Deep Sea Mining Claw Machine, 2025
Catherine Sarah Young
Dimensions variable custom squishies made of polyurethane foam and pigment; claw machine; custom audio track (2 minutes 16 seconds)
Deep Sea Mining Claw Machine is an interactive artwork that turns the familiar arcade claw game into a reflection on one of today’s most debated industries — deep sea mining.
Instead of plush toys, this machine is filled with soft, squishy objects shaped like polymetallic nodules — real mineral deposits found on the ocean floor that contain metals used in batteries, electric vehicles, and clean energy systems. These playful stand-ins invite visitors to think about how “green” technologies can still depend on extractive practices that harm the environment.
The claw machine itself has an industrial past. Early versions, created in the 1890s, were inspired by excavation equipment from massive projects like the Panama Canal — icons of ambition and control over nature. That history echoes in today’s global struggles over ocean resources and questions of who has the right to mine them.
Claw machines are also games of chance, sitting somewhere between skill and luck.
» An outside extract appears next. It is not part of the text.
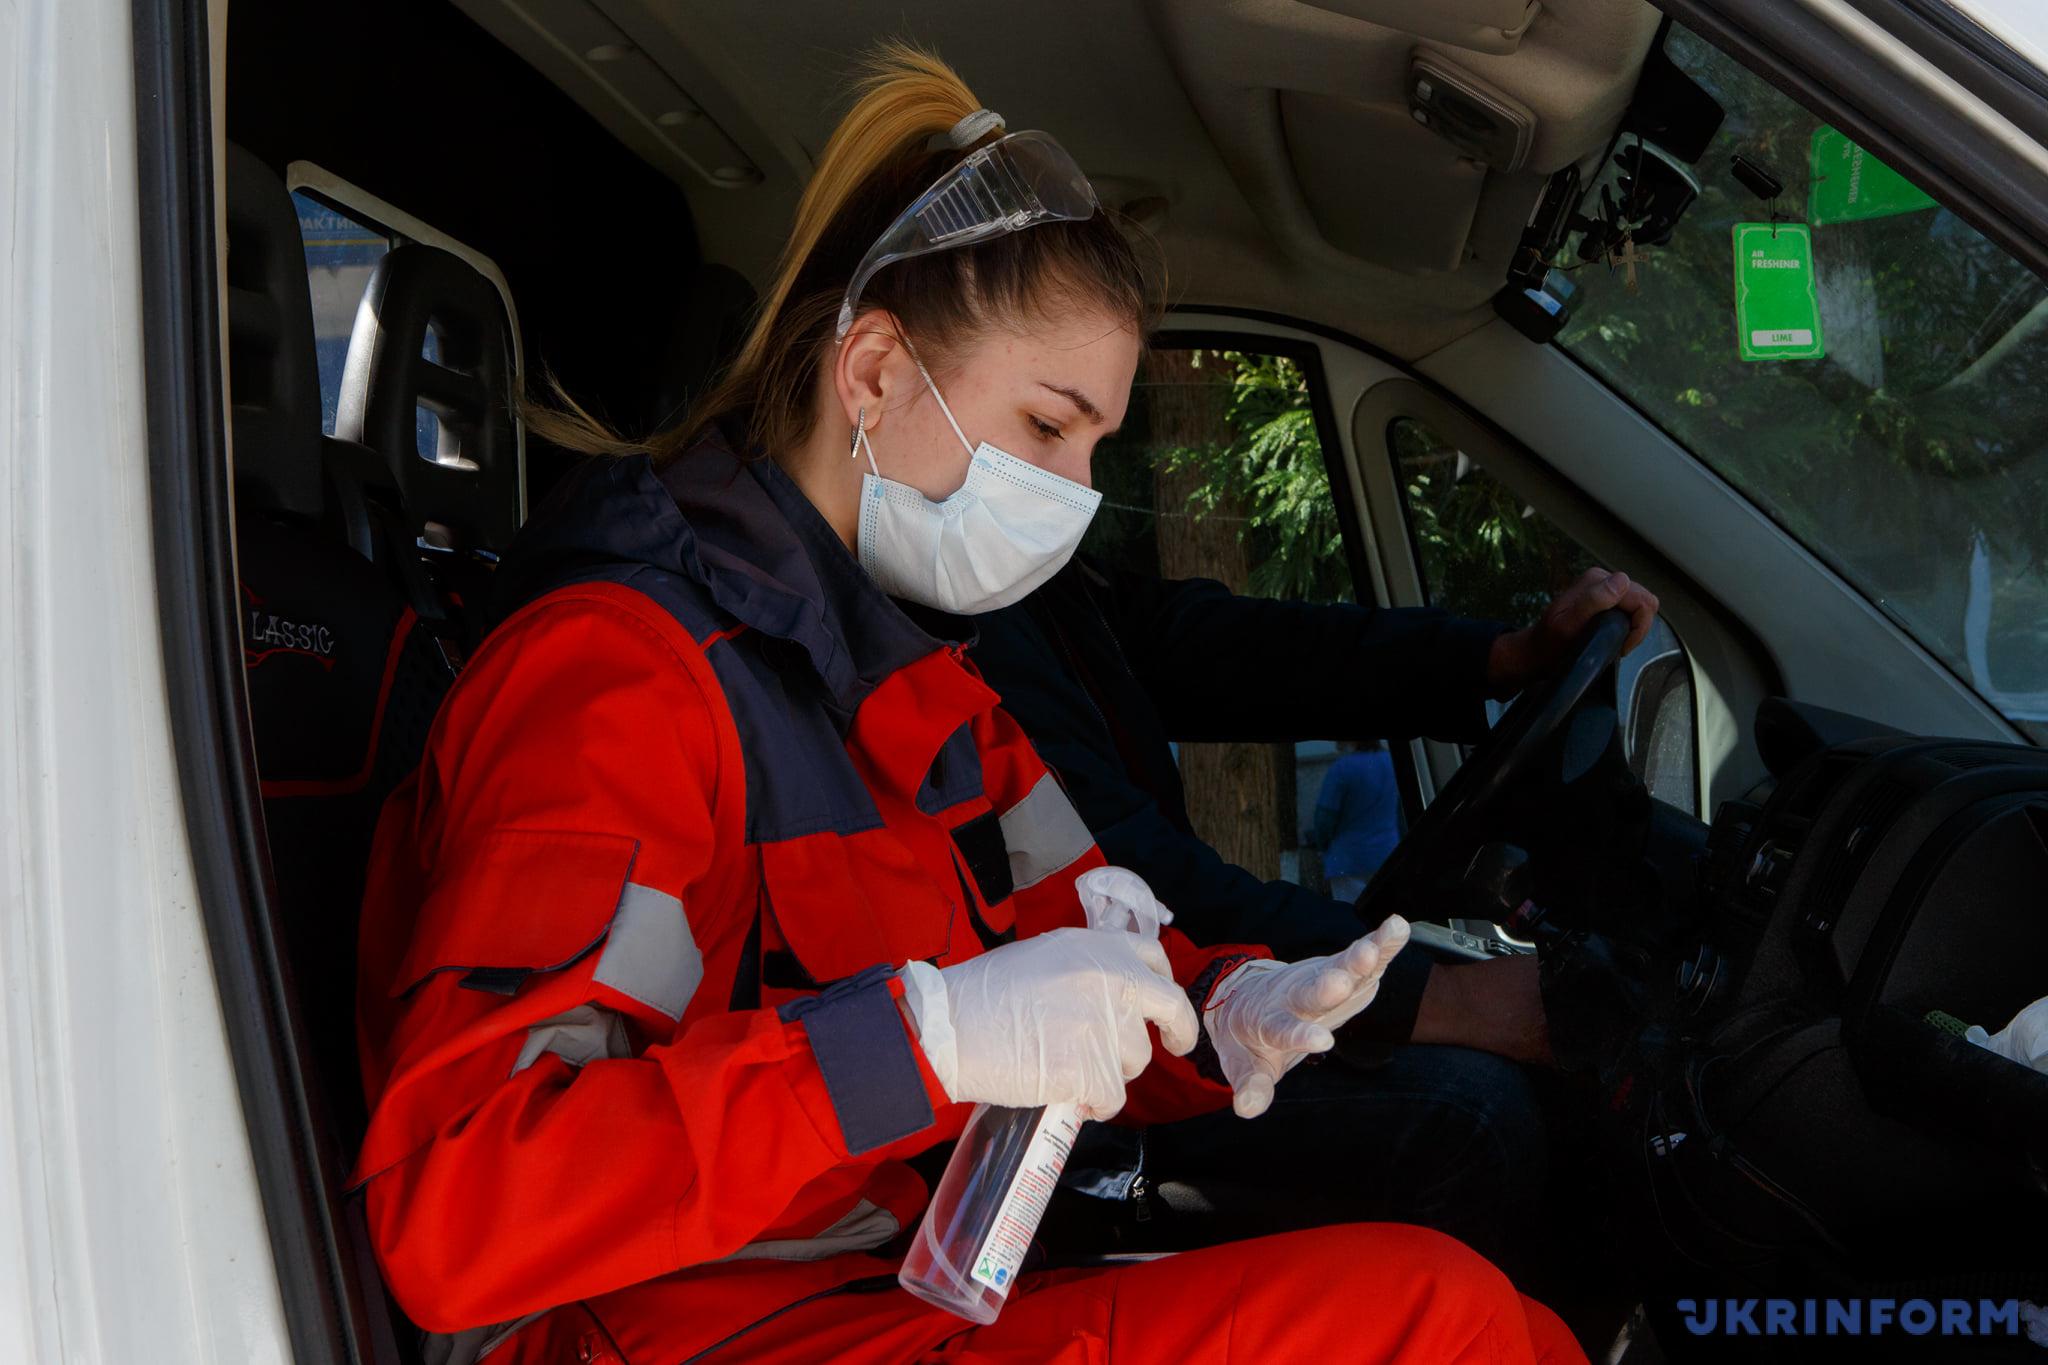 фельдшер Маріанна Мишанич дезінфікує руки після контакту з хворими

This gray area mirrors the uncertain ethics of deep sea mining — a field caught between economic opportunity, environmental risk, and global inequality.
Through touch, play, and chance, the Deep Sea Mining Claw Machine invites visitors to consider: who really wins when we extract from the planet’s depths?
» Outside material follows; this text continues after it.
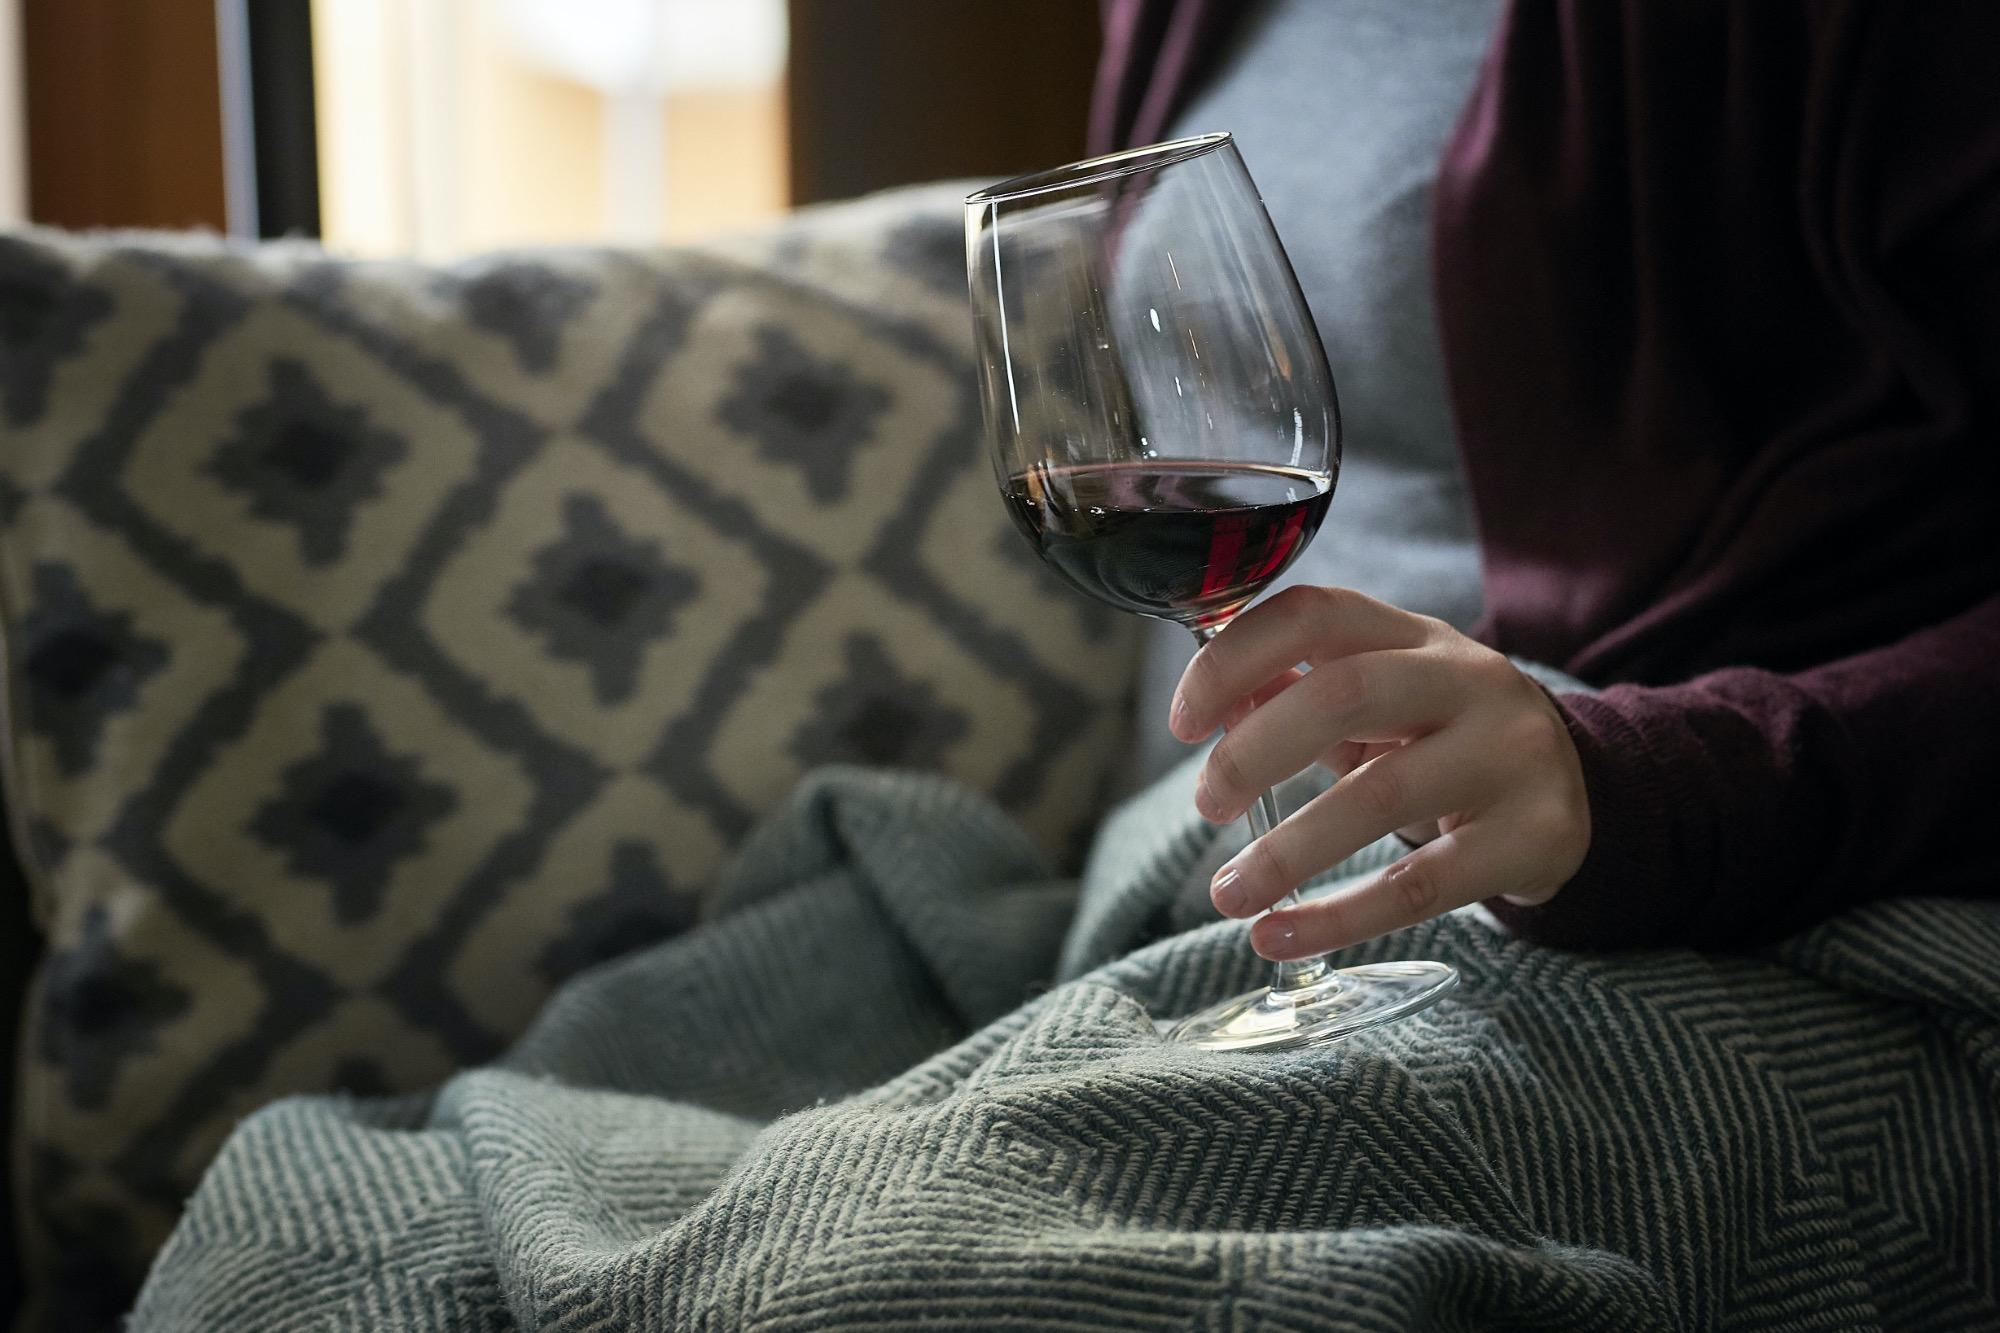 Peli+manta+vino: ¿qué ver en Navidad?

Artist: Catherine Sarah Young
Claw machine sponsor: Lucky Dip
Additional support: UNSW Design Futures Lab
On Site
Audio
Sounds of the Deep Sea Mining Claw Machine.
About the Artist
Catherine Sarah Young, PhD is an interdisciplinary artist, designer, writer, and scholar. She cultivates an artscience practice by using scientific experimentation and molecular transformations in her art-making, often relating these to planetary and environmental issues. Catherine has an international profile, with numerous fellowships, exhibitions, and speaking engagements. She was one of ArtReview Asia’s Future Greats in 2018, a Thirteen Artist Awards recipient in the Philippines in 2021, was listed as one of the 10 Women Leading the Fight against Climate Change by Earth.org in 2024, and is an Obama Leader for Asia-Pacific. Her PhD dissertation is entitled, ‘The Ghost of Rain: Investigating Petrichor as Companion Molecules in the Critical Zones through the Arts’. She is currently an academic in UNSW Sydney School of Art and Design where she mentors Master of Design students on their capstone projects framed around the UN Sustainable Development Goals.